With so many individual birds, there are also always some oddities most notably a Summer Tanager and a Redshouldered Hawk, the tanager a first for the location and apparent 2nd for the county, and the Red-shouldered the first for the location since 1992 (second ever), and apparent 7th for the county. There were also significant numbers of Evening Grosbeaks, American Pipits, Horned Larks, and Cedar Waxwings large flocks that would cut through the river of warblers including the all-time high count for the location of Evening Grosbeak.

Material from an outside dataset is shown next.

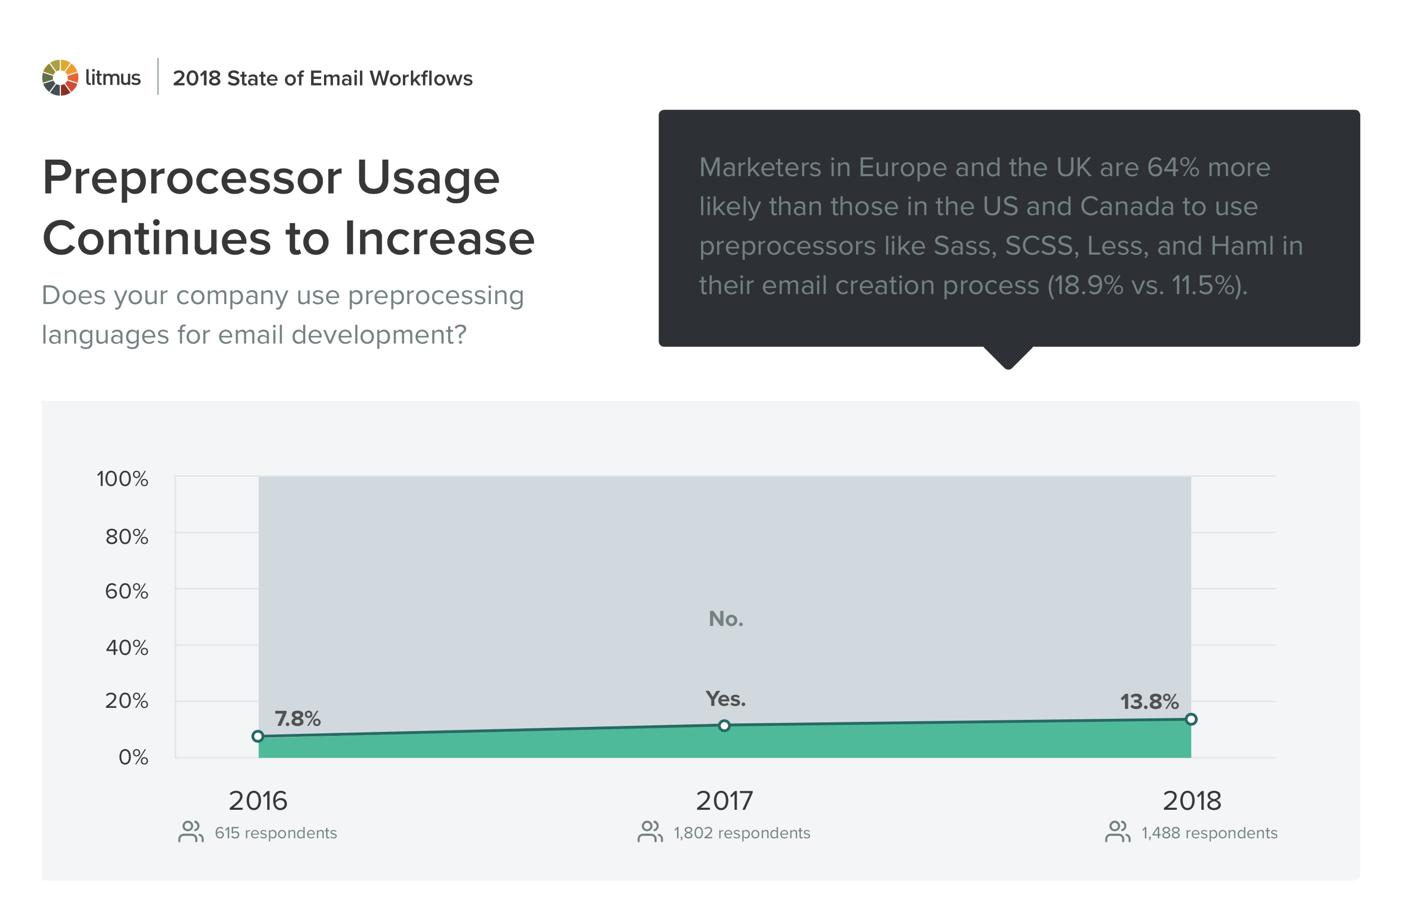 Preprocessor Usage Continues to Increase

As always, these massive events require balancing the need to document what is happening with the desire to just bask in the greatest avian spectacle I’m aware of. We tried our best, knowing that any method is imperfect, and all we can do is try.
We arrived at total numbers of birds by estimating the rate of movement, since there is a constant ‘flow’ of birds moving to the southwest. Rate estimates were made by counting the number of individuals passing the count location in a one-minute period. Multiple observers would work to count the full sky (e.g., one person count towards the river, one inland, done in this list by Jessé and Ian), and those counts would be combined for a oneminute rate estimate. These counts were repeated every 10-20 minutes throughout the day. The counts are then used to interpolate counts between the timed counts (e.g., a count at 9:30 would be used to estimate numbers of birds moving between 9:25 and 9:35, where your next count at 9:40 would be used to count between 9:35-9:45).
Rate counts were combined with our best estimates of warbler species composition from the field experience throughout the day.
Species-specific numbers and comments are in the checklist. The estimated total number of warblers (rounded to nearest 500) is 258,500. This appears to be the second-highest total number of warblers recorded anywhere in a single day.